16-bit unicode?
This SW looks great, exactly what I wanted, except one problem. I'm trying to crack hashes that were hashed in 16 bit Unicode. Is there anyway to make this work in hashcat?
no, because it would make dictionary parser slower. it is easier and faster to parse normal 7bit/8bit dictionary and then expand the word in memory to utf. but this requires special -m mode (like NTLM to MD4). so in case you want to crack NTLM just use -m 1000. otherwise you cant crack them.
So it just doesn't support cracking sha-1 if the pass was hashed in unicode? That's kind of disappointing, I know some other SW does. Next version perhaps?

I tried making dictionary files that had the words in Unicode with normal 8-bit line returns, hoping it would just take the raw data between each line return and use that in the hash, but apparently not. I guess it makes sense that it would try to parse it as 8-bit characters for processing rules and such.
Even theoretically possible, to bruteforce passwords that consists of a character map with 2^16 chars (that is UCS-2, UTF-16 can take more than two bytes per code-point as it is not fixed-length) is extending the time extremely. So UTF-16 must be expanded to UTF-32 first when you want to deal with this strictly. I have no proof for this, but I just assume that the trade-off for a hashing algo would be too immense to deal with the actual character encoding as well instead of just crunching bytes in memory at the expected, non-variant position. So if you say UTF-16 we might need to talk about UCS-2 and/or UTF-32 memory wise. Let's imagine what this means compared to normal ASCII or LATIN-1 passwords. For a password that consists of four characters (only, probably in Chinese this is much, but I have no idea). A simplified view could be:

4 character UCS-2  password =  8 character ASCII/LATIN-1 password
4 character UTF-32 password = 16 character ASCII/LATIN-1 password

You might now think that's possible to bruteforce a 8 character ASCII password. But keep in mind that while bruteforcing, you only take some character, like 0-9, a-z and A-Z (62 possibilities). For a multi-byte charset you most likely want to look for more chars per code-point (most likely more than 3 844 (62^2) possibilities per code point in a 16-Bit charset).

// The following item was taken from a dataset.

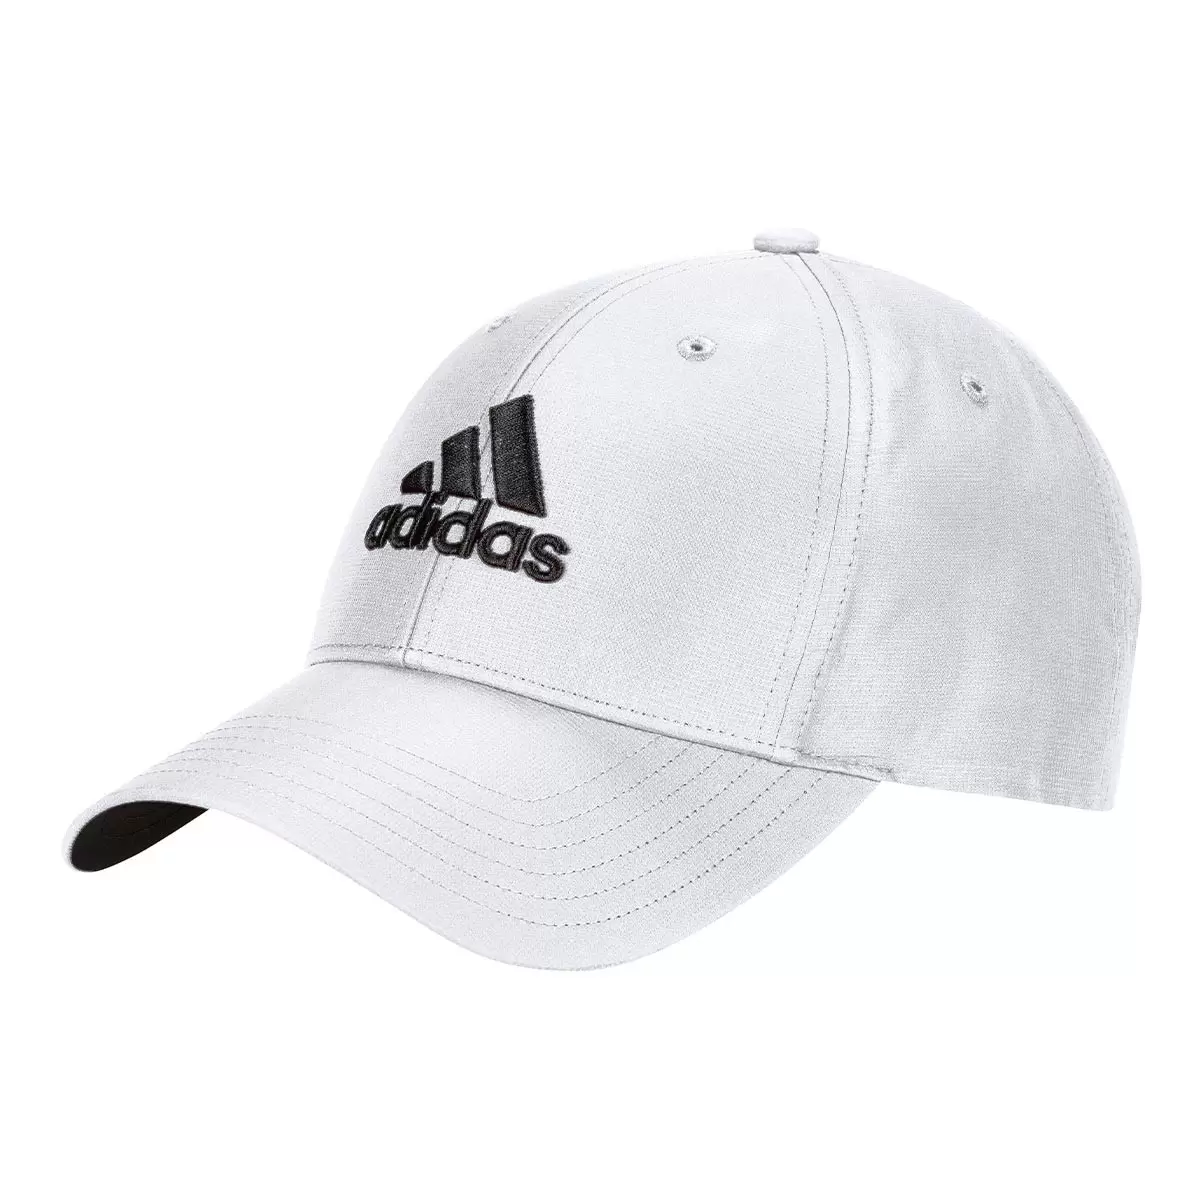 Adidas Golf 休閒帽
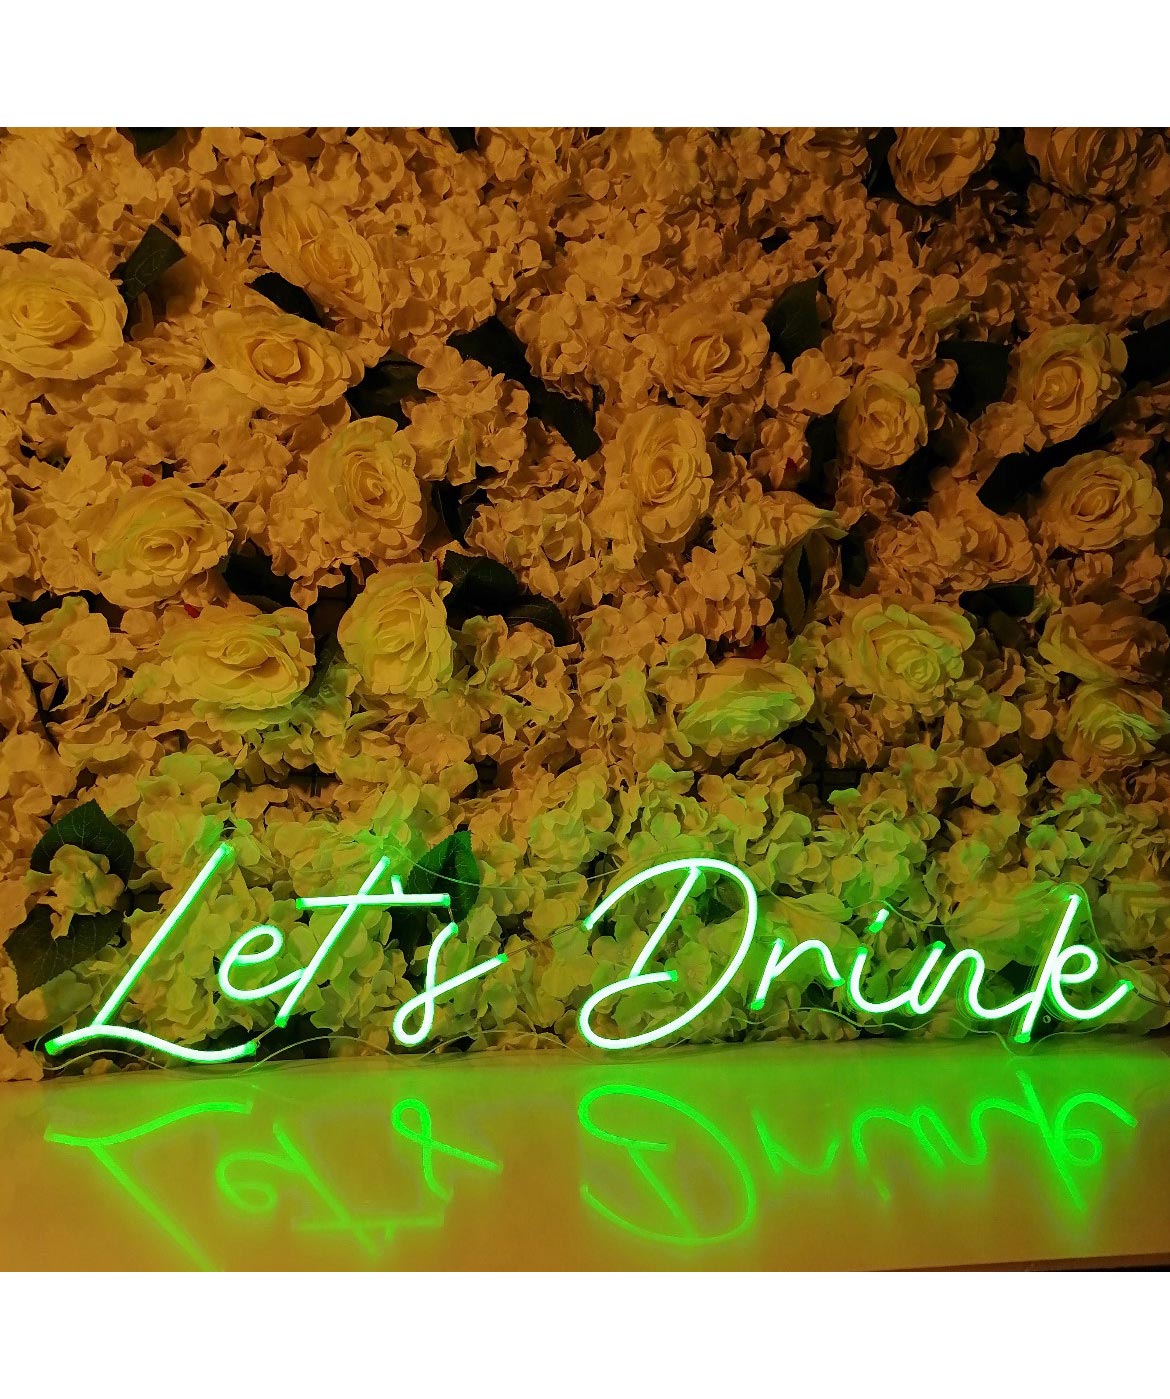 Neon light «ANeon» Let's Drink, 60 x 10 cm

I don't think that's something someone is really after as it does not scale well with bruteforcing. I can imagine cases where this makes sense though, but most likely, this is "too much" for bruteforce.

But the number of possible combinations which plays a if not the foremost role in bruteforcing is not everything to consider for character encoding while cracking passwords. Hashcat supports dictionary and rules as well, so this is not bruteforcing only.

Dictionary Attacks

For dictionary attacks, this would mean the cracking app needs to support multi-byte charset dictionaries as well. This is because it makes no sense to crack multi-byte char hashes with a single-byte char dictionary, because the dictionary consists only of a fraction of words.

The only exception I see here is for UTF-8 but that's only because UTF-8 has ASCII-7bit as subset. And it's the only one I know of so far.

Rule Files and Interpreter

And then the rules. The current rule engine is implemented to work on single byte characters. The rule interpreter as well must support multi-byte charsets to properly work. That would need one additional version for two- and one for four-byte charsets.

Probably the rule language must be even adopted to support such charsets.

Attack Strategy: Single-byte encoded as Multi-byte

As atom already proposed, there is an exception to all this. While some systems store hashes for passwords that are multi-byte charset encoded, most users enter the password via their western keyboards so most likely the passwords consist of characters that can be easily represented with a single byte character set like ASCII or LATIN-1.

So to attack those even multi-byte encoded passwords, one option is to convert the multi-byte charsets into single-byte charsets first and then single-byte attack them while maintaining the byte/charset relationship in the hashing algorithm. To maintain the relationship is necessary otherwise the algorithm won't find the hashes properly. So this method has an overhead but the overhead is most likely smaller then having everything (hashes, hash-algos, dictionaries and rules) in a multi-byte variant.

I assume that's what atom already was talking about. That means a specific mode not only for the algorithm but also the variant of it for a specific charset. I think this method is efficient but it has the trade-off not being able to crack multi-byte character passwords that consist of characters not covered by single-byte charsets / dictionaries.

My 2 cents.

-- hakre